* MATERIAL PROVIDED *
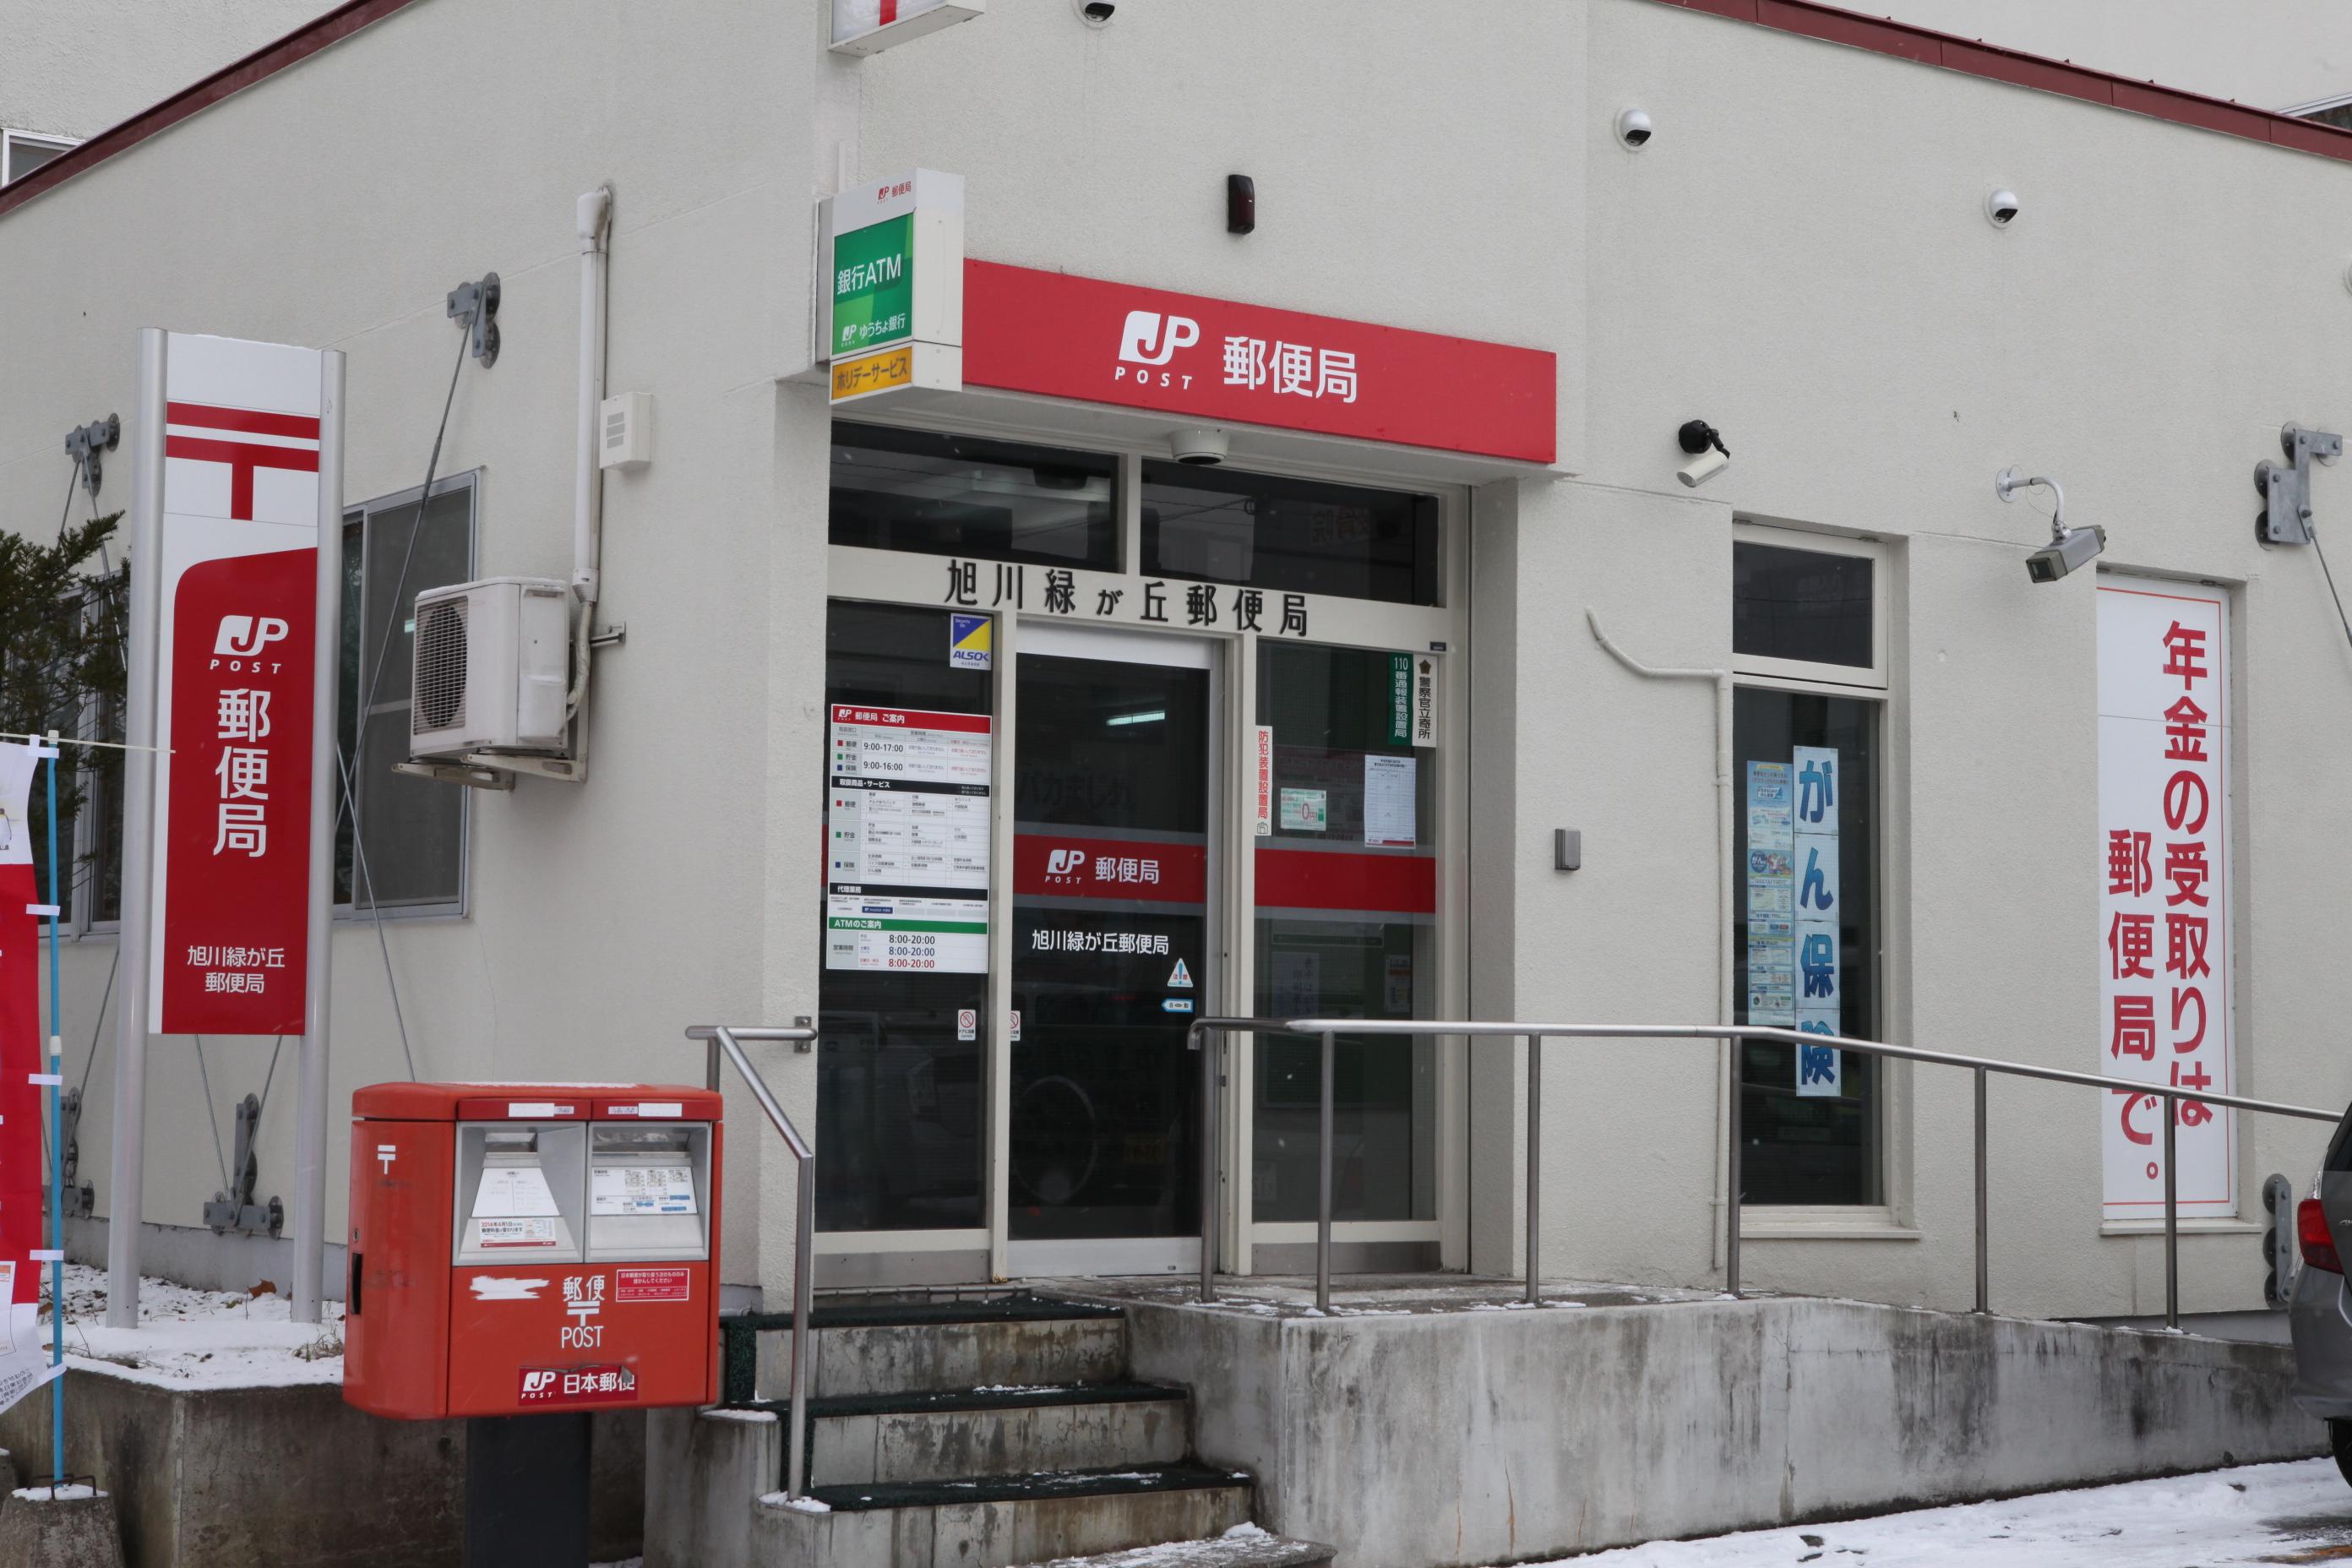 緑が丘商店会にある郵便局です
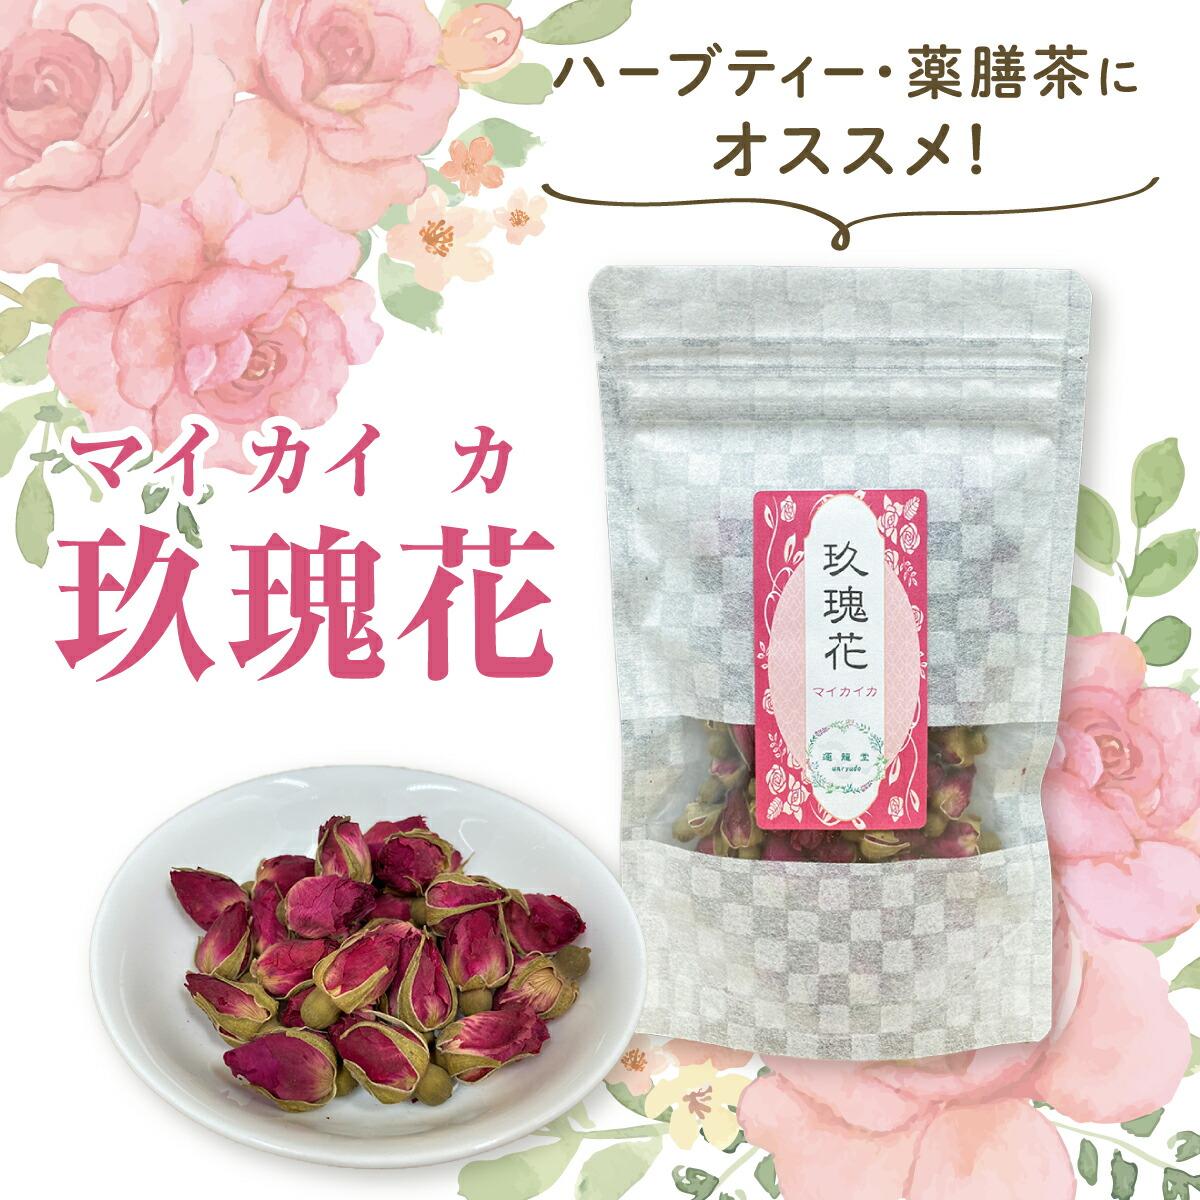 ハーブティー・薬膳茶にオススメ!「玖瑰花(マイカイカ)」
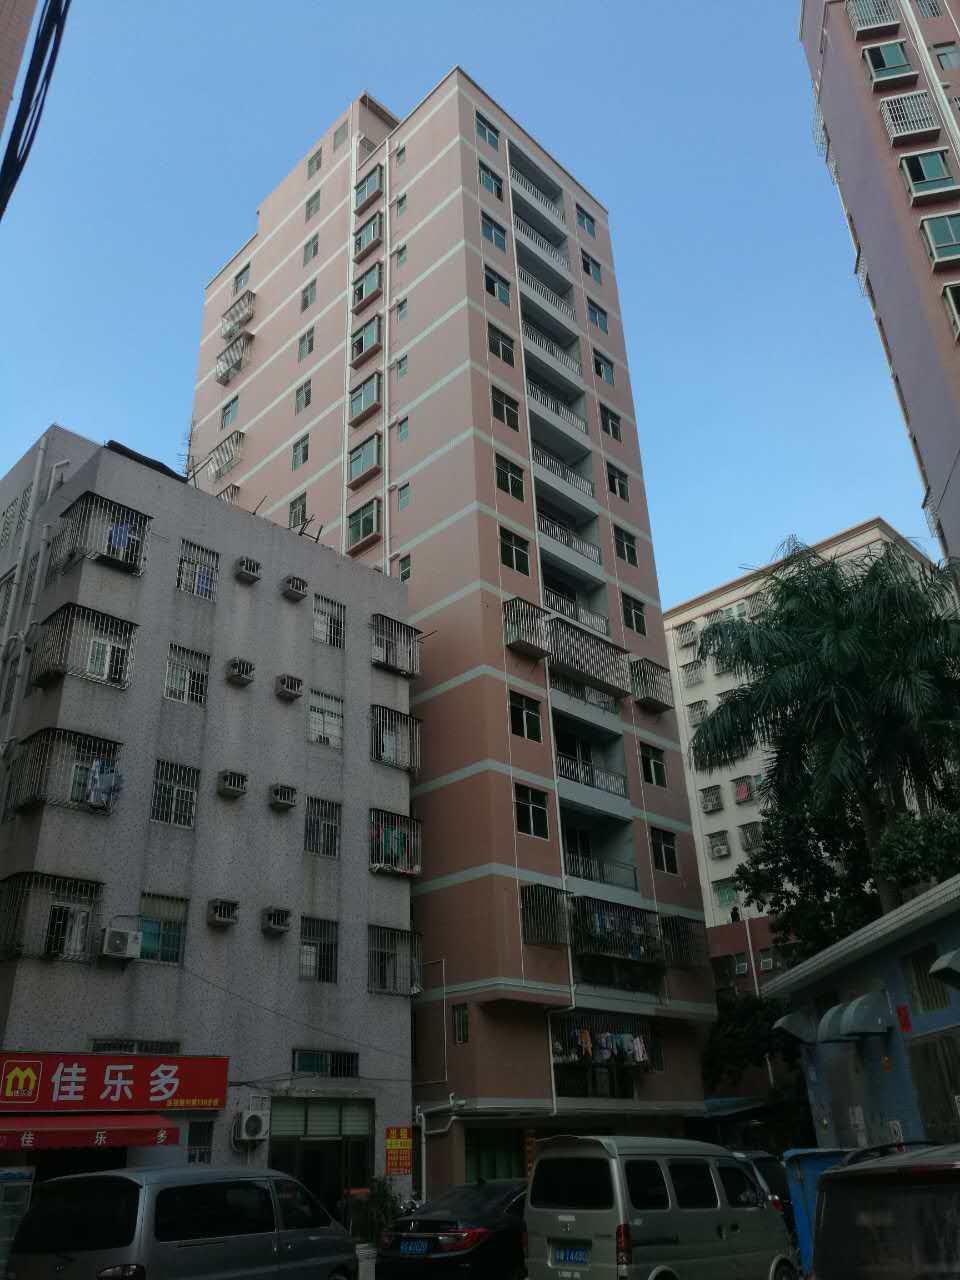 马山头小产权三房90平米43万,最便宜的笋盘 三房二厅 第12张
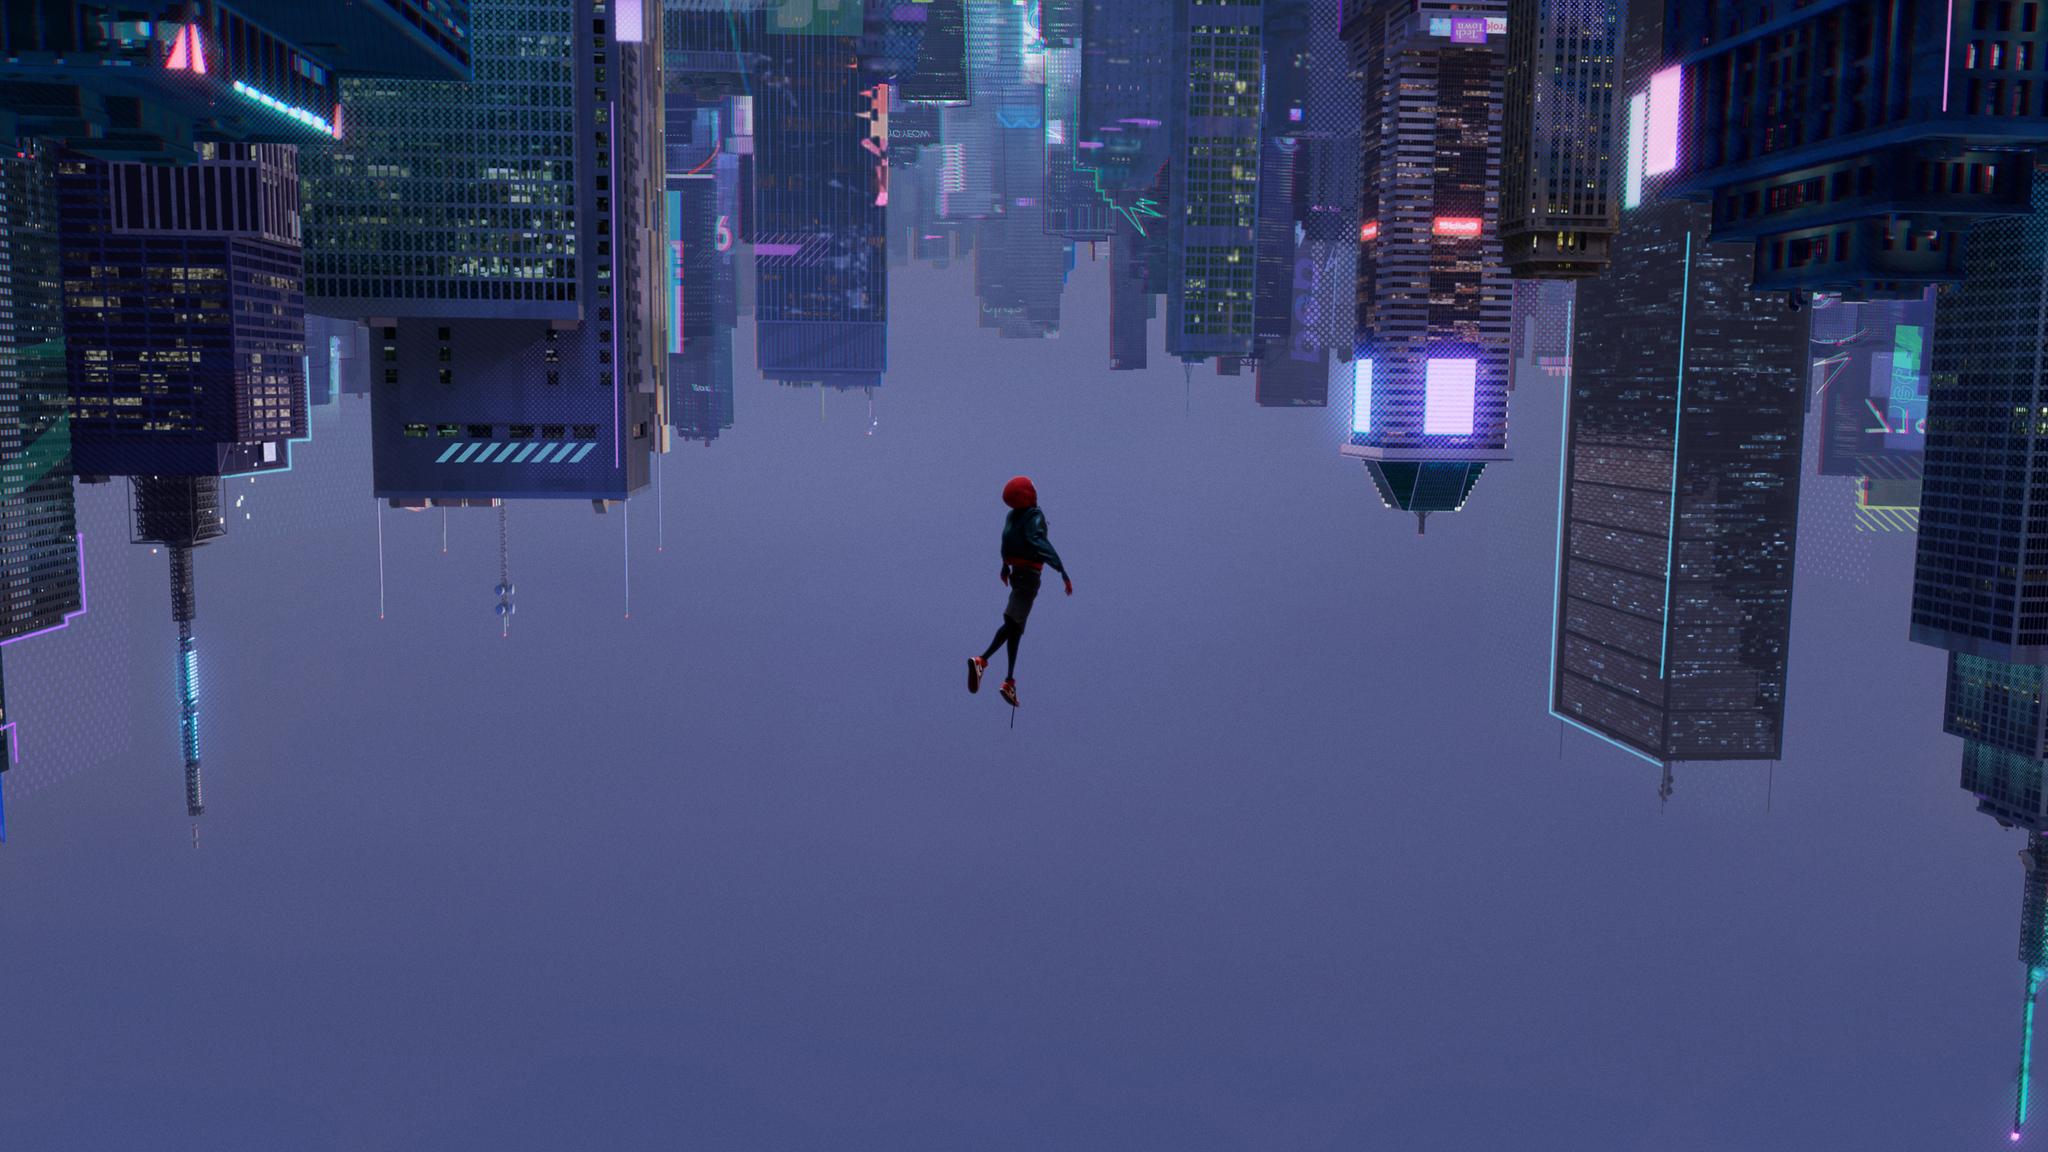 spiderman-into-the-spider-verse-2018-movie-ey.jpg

* YOUR ASSIGNMENT *
Apart from the images, please copy every line of the data exactly as written.

* RESULT *
 緑が丘商店会にある郵便局です
 ハーブティー・薬膳茶にオススメ!「玖瑰花(マイカイカ)」
 马山头小产权三房90平米43万,最便宜的笋盘 三房二厅 第12张
 spiderman-into-the-spider-verse-2018-movie-ey.jpg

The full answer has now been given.